AKS node upgrade

Question

AKS node upgrade

Mario 21

Hello,

when upgrading AKS I noticed that the same node gets updated twice, means the previous node with the old k8s version gets in Ready,SchedulingDisabled status and removed once the new node with the new k8s version is ready and then the new k8s node gets in Ready,SchedulingDisabled status again and a new node is scheduled. Once this node is ready the previous one gets deleted and finally the job is done. Is there any particular reason for this?

Thank you
Best,
Mario

Accepted answer

2 additional answers

Your answer

Answer 1

Hello @Mario ,
Trying to clarify your follow-up question(s):

After NodeD gets created , the Pods from NodeA can be re-created on any other nodes (it can be new nodeD or any of the previous un-upgrade Nodes) unless you have any constraints defined for the Pod (like Taint etc).

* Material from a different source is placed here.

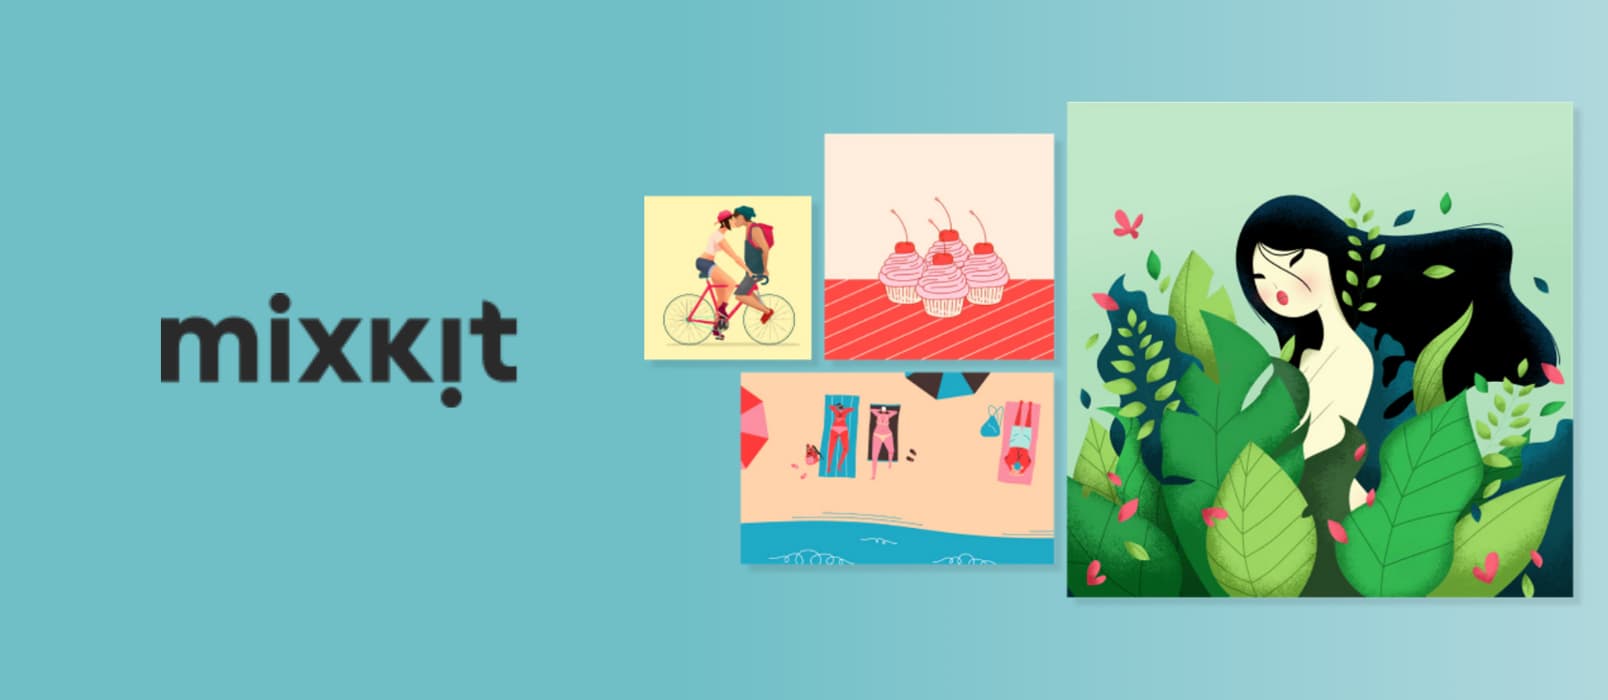 Mixkit 发布免费可商用的艺术画与插图平台 1

I was testing locally by deploying Pods in each of the 3 nodes and did an upgrade - this is how it went on:
Initially:
NodeA - PodA
NodeB - PodB
NodeC - PodC

Upgrade Initiated:
NodeD - Created

Observed that PodA created on NodeB
NodeB has got : PodA , PodB

NodeA upgrade Completed.
NodeB Drained - Pods from NodeB created on NodeA , NodeD

NodeB upgrade completed
NodeC upgrade started , Pods from NodeC moved to NodeB

Once NodeC upgrade completed , NodeD drained and Pods from NodeD moved to NodeC.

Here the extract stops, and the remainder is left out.